Proposal Title Advanced Composites with Nanoscale Reinforcement
Contract Number FA9550-04-C-0120
Performance period 9/15/2004 - 6/15/2005
Abstract Advanced fiber composites are fabricated by automated 3D weaving and braiding processes. These weaving processes use tows of micron diameter fibers, to create preforms for resin infiltration. The interaction between the resin matrix and the fibers can be potentially increased by creating nanoscale features on the carbon fibers. NanoLab is expert in the synthesis of carbon nanotubes and their applications in composites. In the proposed work, we plan to develop a process where nanotubes can be grown on 3-D woven or 3-D braided performs, as well as individual fibers and cloths. We will then infiltrate sample composites, and perform representative mechanical tests, in order to validate the possibility of achieving improved mechanical performance, particularly higher penetration resistance under foreign object impact.

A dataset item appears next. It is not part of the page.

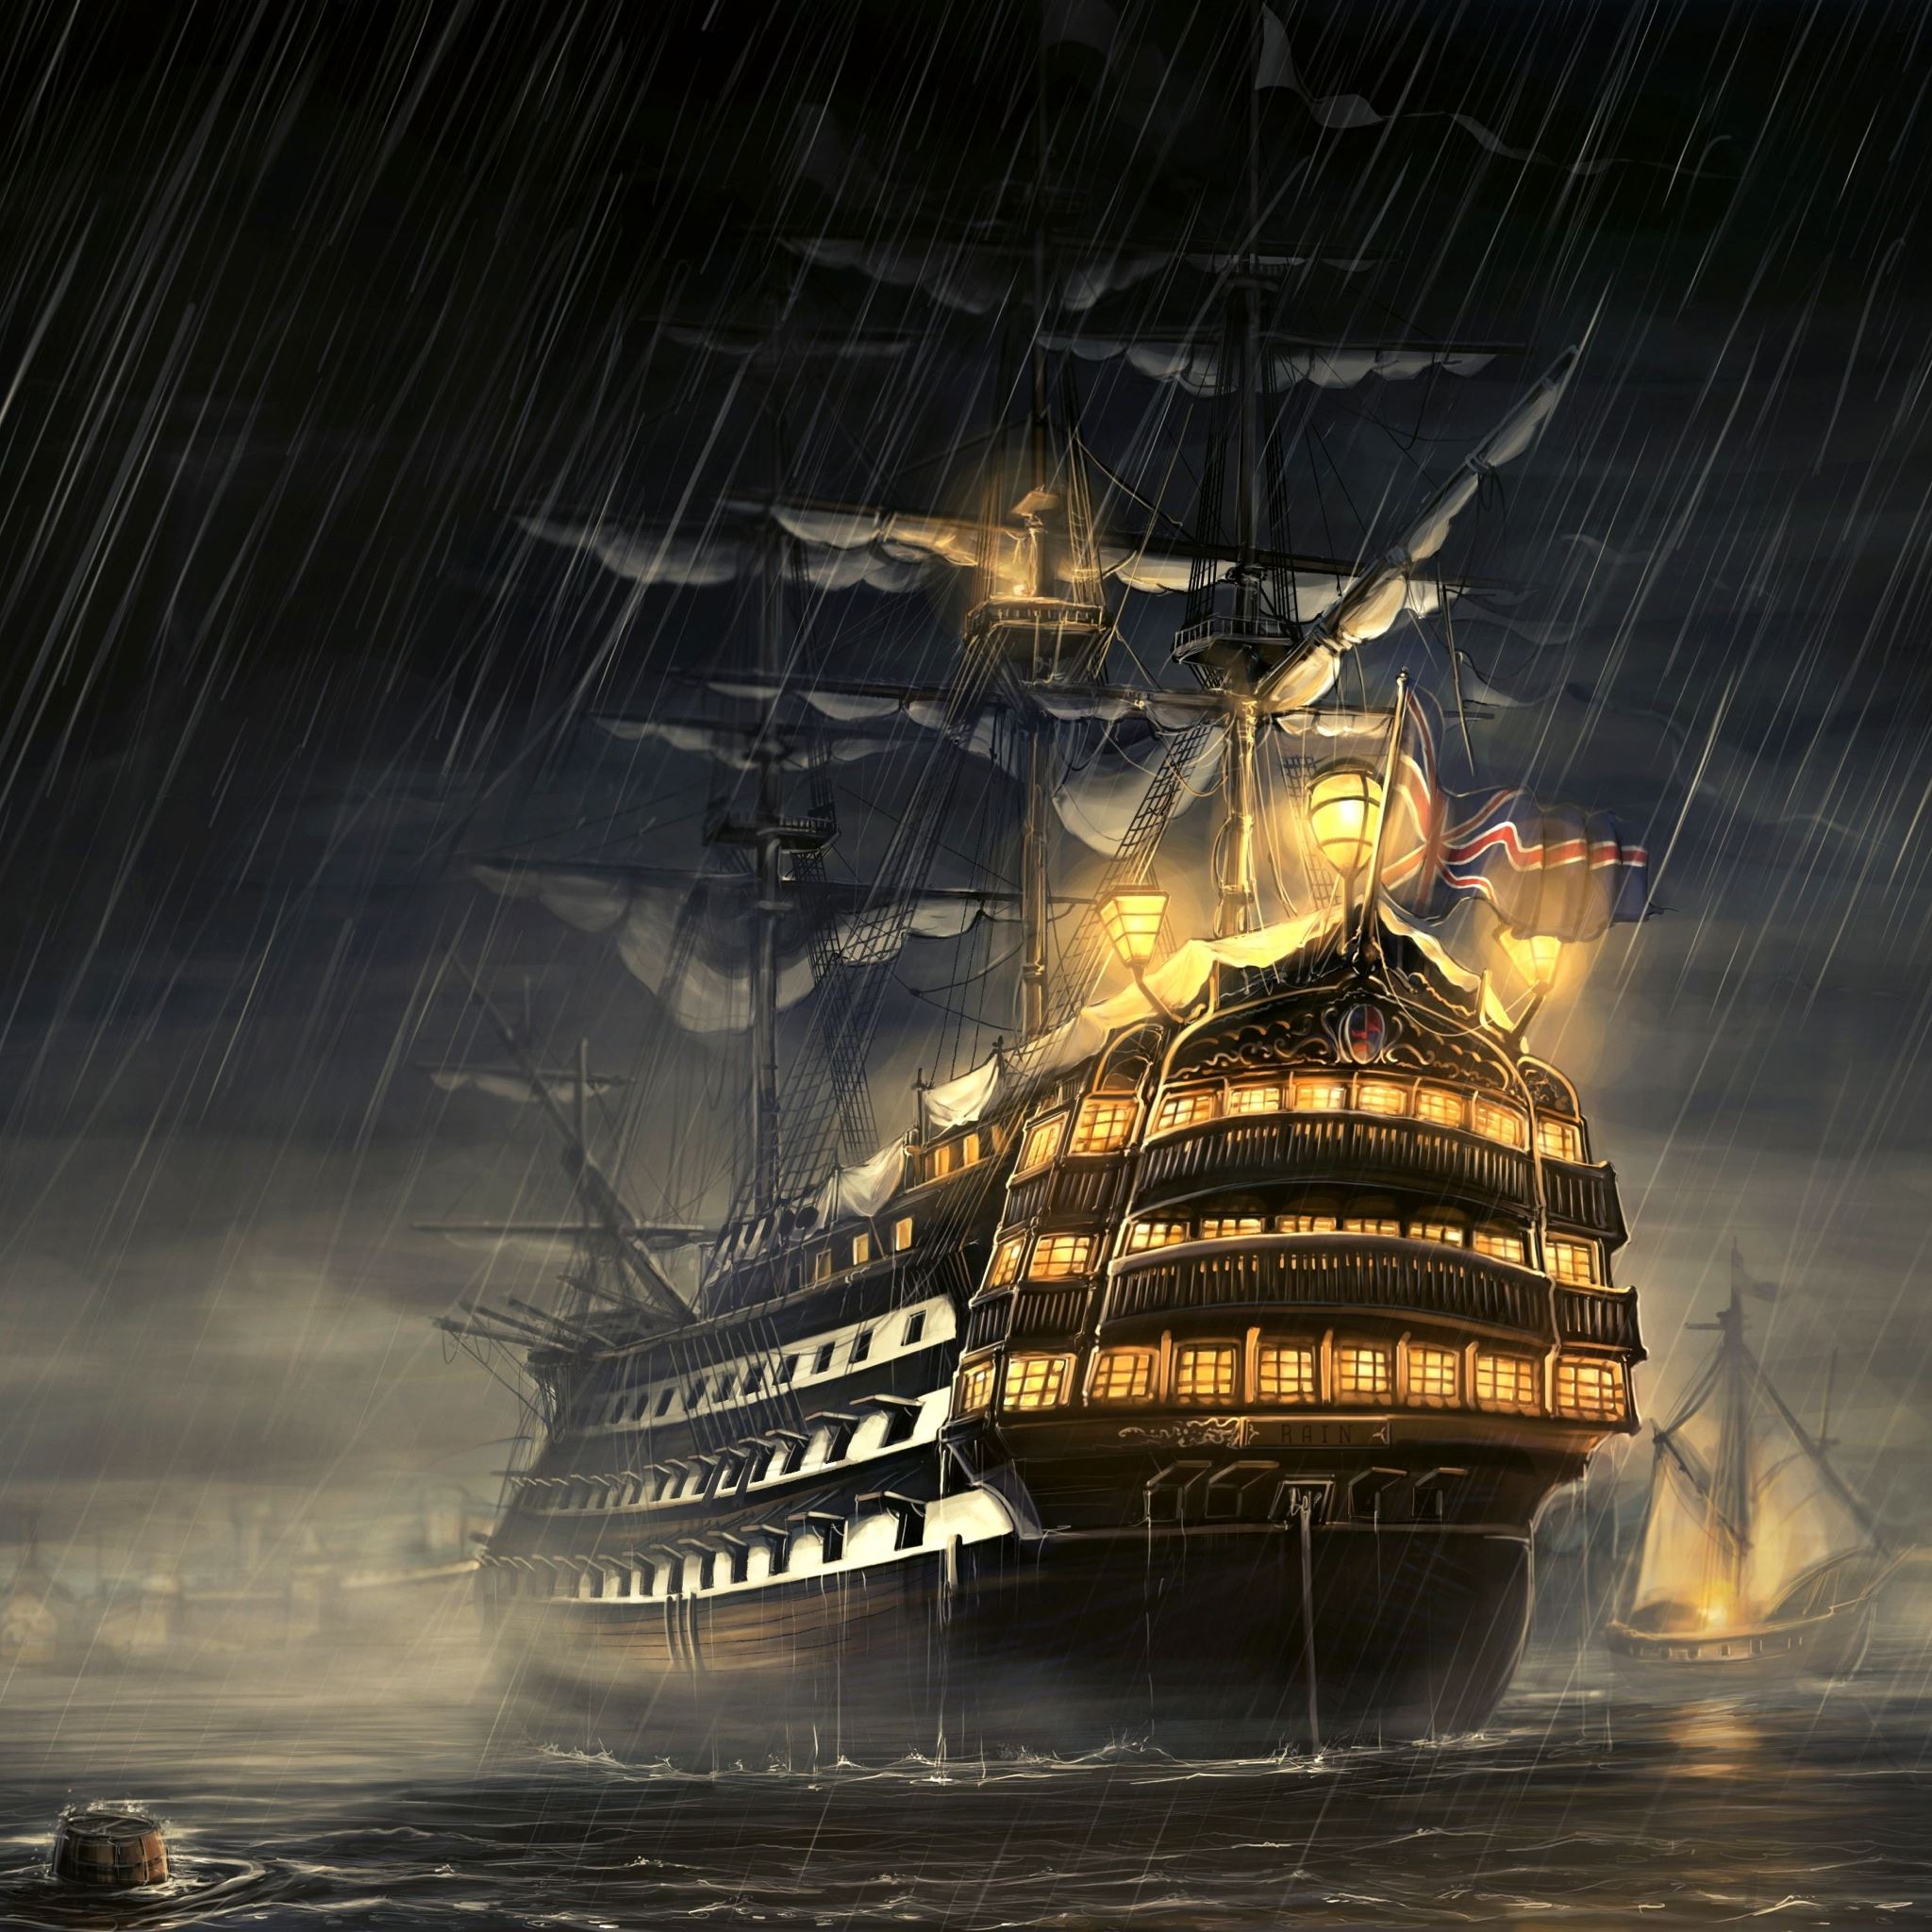 Pirate ship ipad air wallpapers free download

Proposal Title Lightweight Ballistic Armor for Military Aircraft
Contract Number N68335-05-C-0285
Performance period 5/09/2005 - 11/09/2005
Abstract Many Navy aircraft platforms face the compromise between complete crew protection and diminished mission capability. NanoLab proposes a novel, lightweight aircraft armor solution that is easily manufactured, repairable and cost competitive. This is accomplished using a composite approach to the ballistic strike material, in which ceramic spheres of boron carbide are arranged in a polymer matrix material. Boron carbide has been used in aircraft armor applications for over 4 decades due to its high strength to weight ratio, but it suffers from high cost and low repair-ability. In the Phase I effort, we will develop pressure-less sintering techniques to reduce the cost of this critical material, and incorporate it in a unique form that allows additional defeat mechanisms, mold-ability, and repair.

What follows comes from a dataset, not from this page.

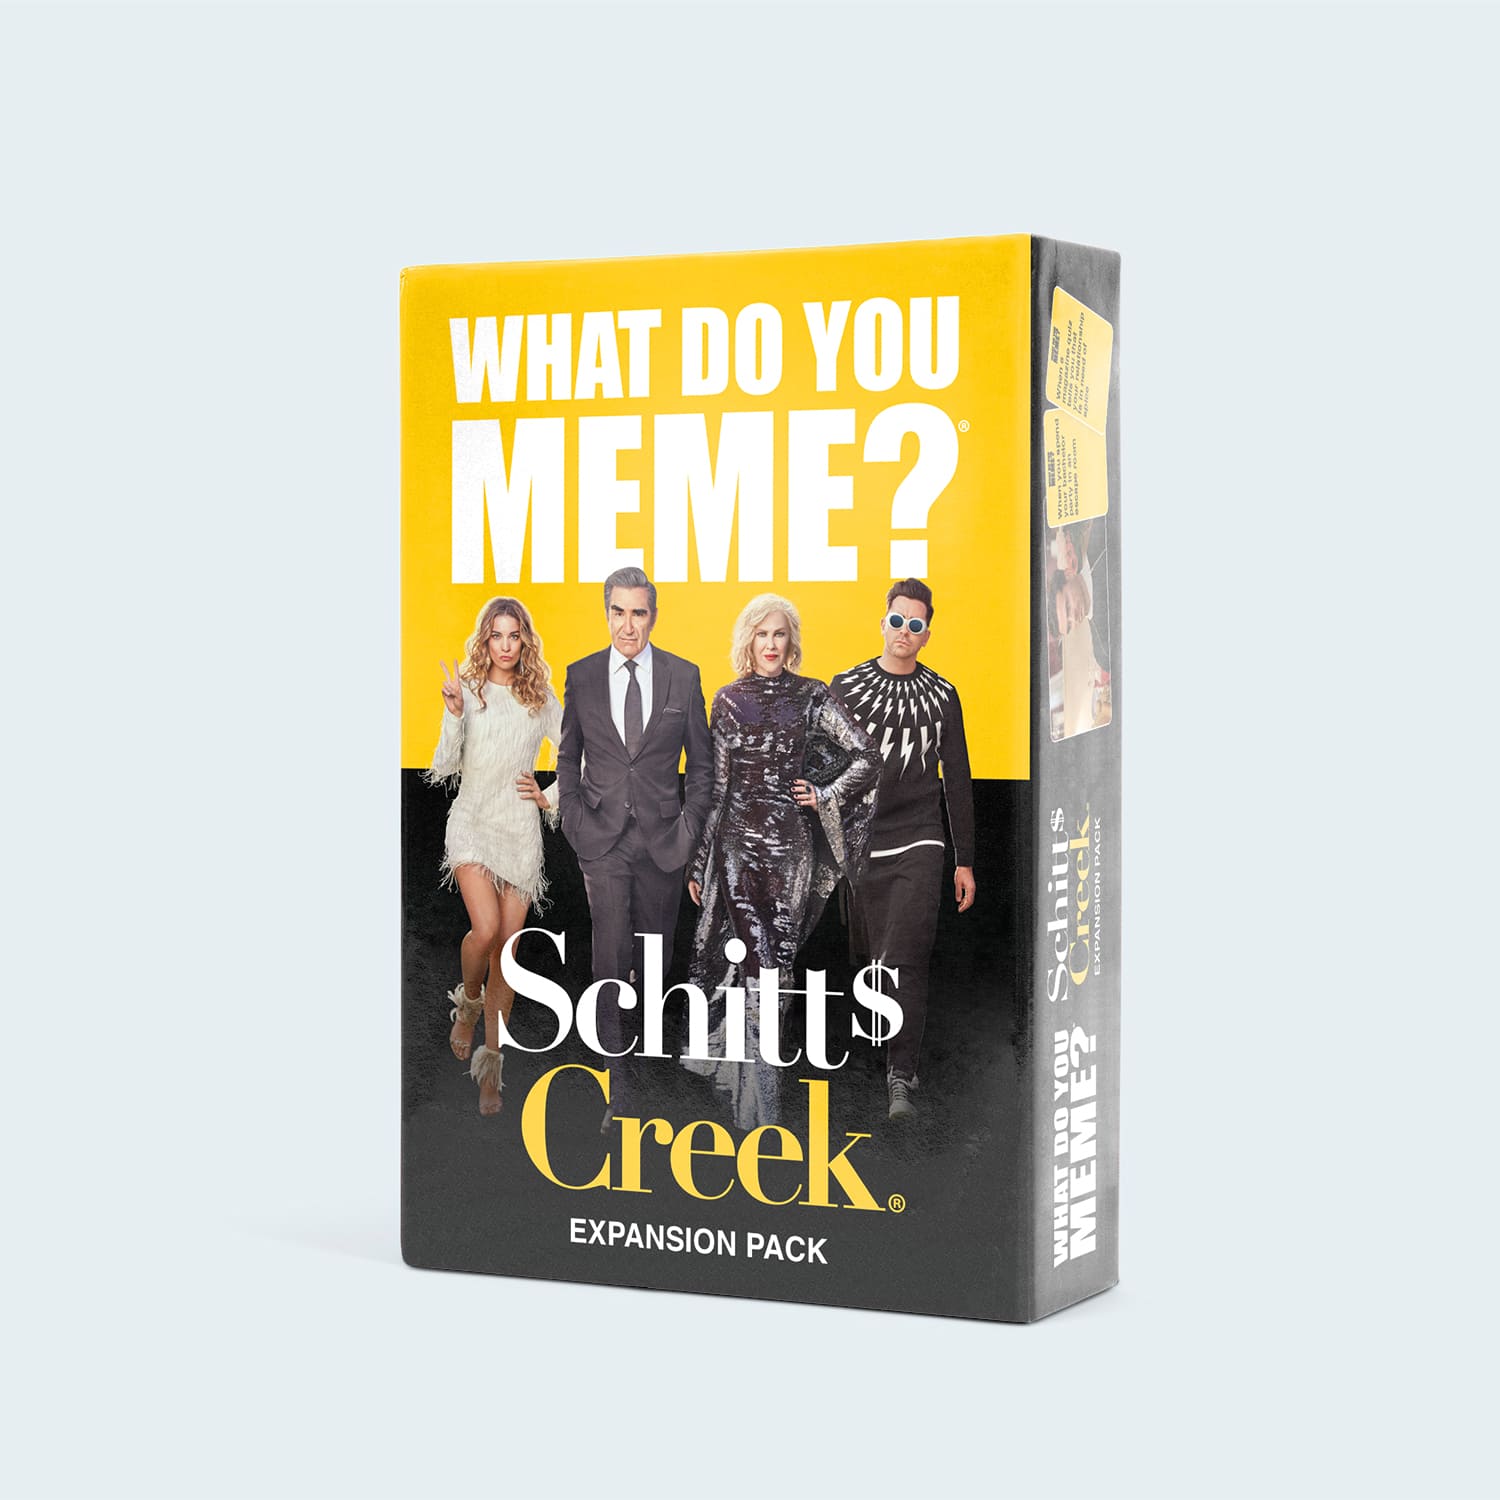 what-do-you-meme-schitt-s-creek-expansion-pack-game-box-and-game-play-03-what-do-you-meme-by-relatable

Proposal Title High Strength, High Modulus Nano-Composite Missile Structures
Contract Number W31P4Q-08-C-0068
Performance period 12/4/2007 - 6/4/2008
Abstract Over the past ten years, it has become increasingly clear that carbon fiber composites can replace more common engineering materials such as aluminum in weight critical, structural components, such as those found in missile systems. Nanoscale materials, such as carbon nanotubes, can impart superior mechanical properties to these composites, and thereby allow composites to replace more components. However, they require careful optimization before the properties inherent in nanomaterials are manifested in the bulk composites. In the proposed Phase-I investigation, NanoLab will apply our expertise in nanotube catalysis, growth, and chemical functionalization to chopped carbon fibers and the preparation of composites with them. NanoLab will work in this Phase I effort to identify the optimal length, site density, and functionalization scheme to optimize the properties of chopped fiber based, epoxy filled carbon composites, with the goal of matching the properties of aluminum alloy 7075 at a lower density.

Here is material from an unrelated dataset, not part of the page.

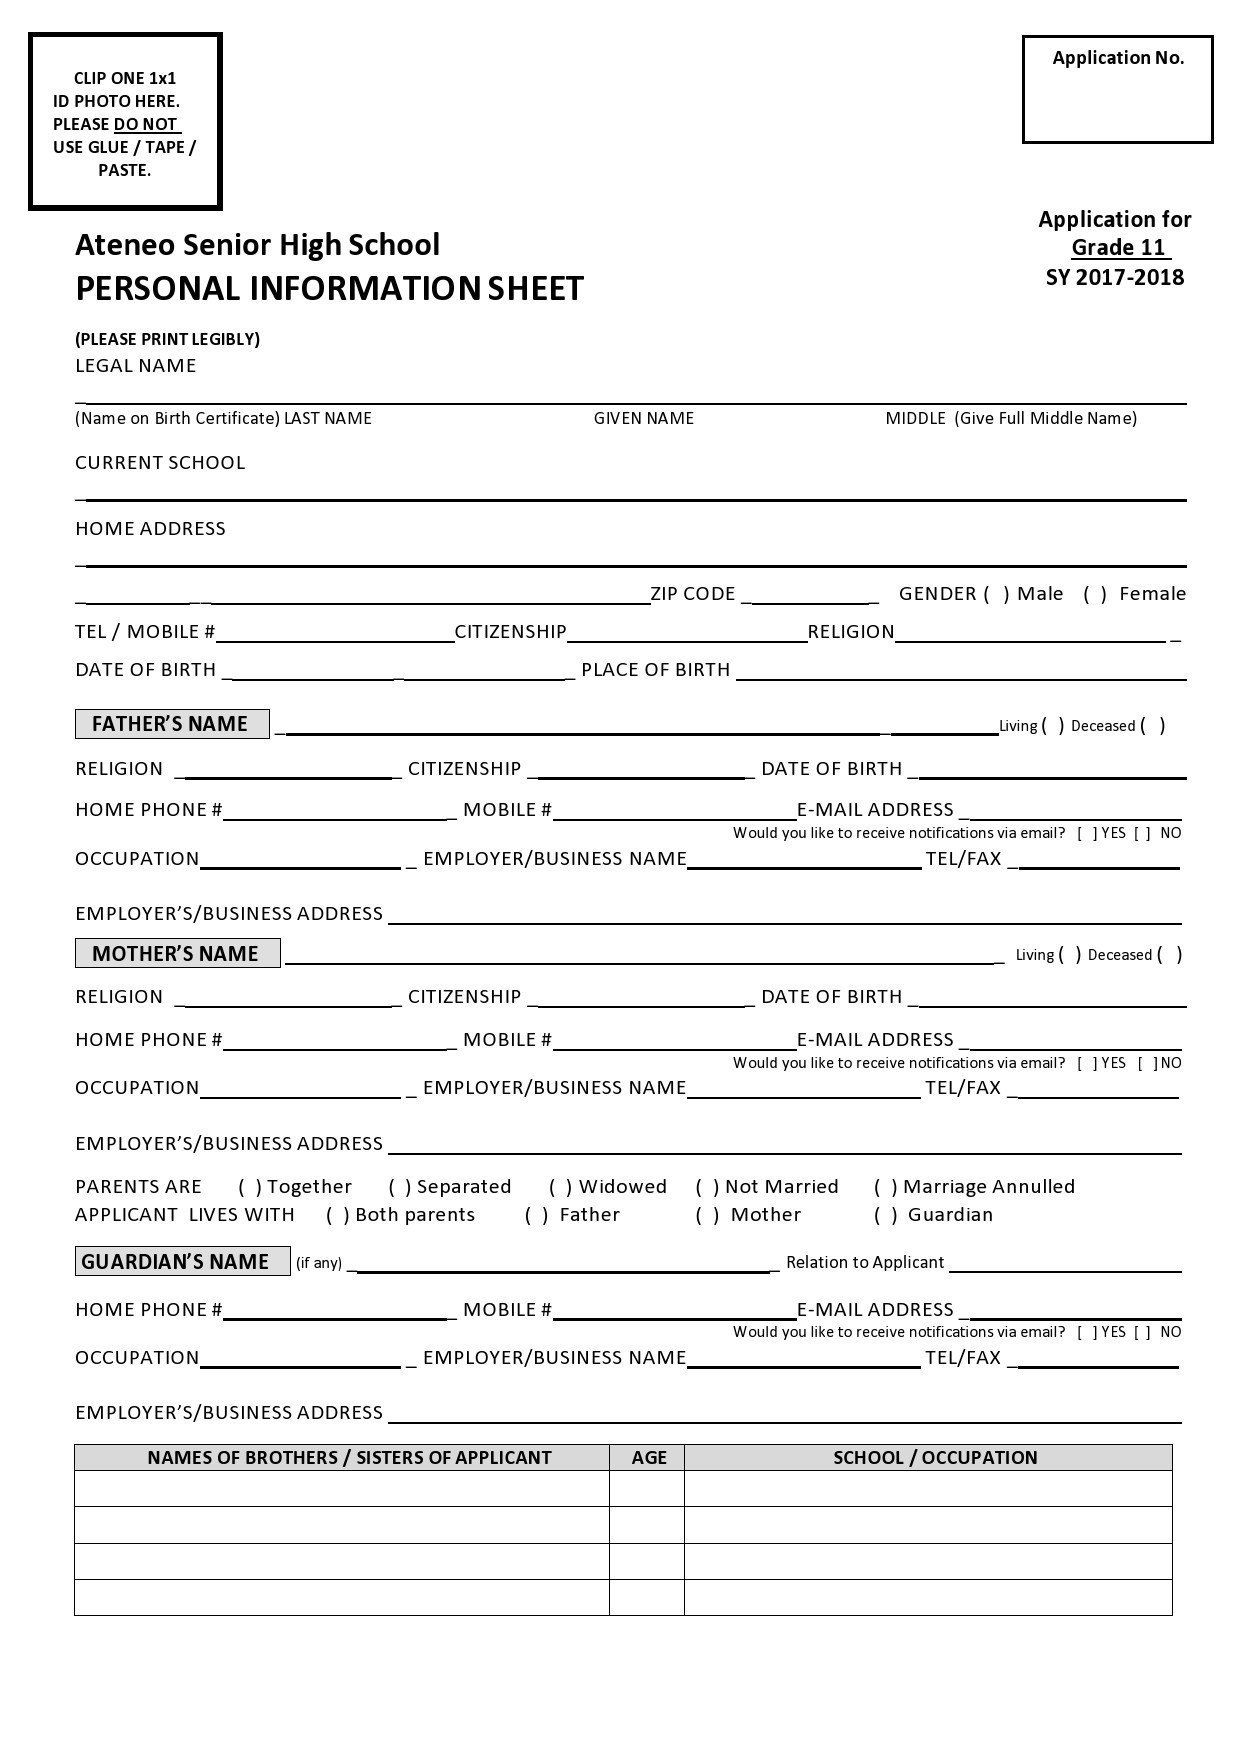 Free personal information form 38

Proposal Title Functionalized Nanotubes for High Performance Composites
Contract Number N00014-06-M-0319
Performance period 8/1/2006 – 5/31/2007
Abstract Carbon nanotubes, have extraordinary mechanical properties, but these properties are difficult to manifest in composites, due to their limited interfacial bonding, and therefore the inability to transfer loads from a polymer matrix. Chemical functionalization of the nanotube surface is required to improve the interfacial load transfer, but functionalization may degrade the tensile properties of the nanotubes. NanoLab will investigate, together with Dr. Ruoff of Northwestern University, functionalization methods that provide improved bonding with common structural resins, while leaving the nanotube structures as intact as possible. Together, we will learn a great deal about the effects that functionalization will have upon the mechanical and physical properties of CNTs. During the Phase I effort, NanoLab and Northwestern will:

1. Functionalize single wall and multiwall carbon nanotubes.
2. Determine their functional group concentrations.
3. Perform mechanical tests on INDIVIDUAL functionalized carbon nanotubes.
Next, using the functionalization protocols that are least injurious to the nanotubes properties, we will employ vacuum assisted resin transfer molding to form epoxy-nanotube composites. Finally, Northwestern will document the mechanical properties of the infiltrated composites.

BENEFITS: The potential commercial application area for carbon nanotube based composites is huge. Carbon nanotubes are rapidly becoming affordable and available in large quantities, and will soon take their place on the composite designer’s shelf. Nanotubes have impressive strength, toughness, and low density, making them exceptionally valuable for composites such as wings, fuselages.
Proposal Title Large quantity production of Carbon Nanotubes
Contract Number DAAD17-02-C-0004
Performance period 12/04/2001 – 21/04/2003
Abstract Carbon nanotubes have enormous potential for applications in composites, batteries, and nanostructured devices. However, these applications will not become feasible until the material is produced in kilogram per day quantities. Compounding the problem is the material's high cost, presently $500/g. Apart from the simple supply and demand economics, the cost is driven by three factors: expensive capital equipment, low process yields and laborious purification procedures. In the Phase I effort, NanoLab developed and demonstrated a semi-continuous process that results in multi gram per hour yields of high quality multiwall carbon nanotubes, overcoming the two major hurdles to large scale commercialization of carbon nanotubes: yield and purity. The main Phase II goal will be to develop a fully continuous process, that will produce large quantities of high quality carbon nanotubes: multiwall, single-wall, powders, and arrays. Based on our effort thus far, we expect to achieve yield of more than 5 kilogram per day, at less than $2 per gram pricing by 2004, for multiwall nanotubes. In addition, we will improve the control over the application driven variants of nanotube morphologies, through experimenting and theoretical and numerical process modeling. We will develop the market for nanotubes and their applications.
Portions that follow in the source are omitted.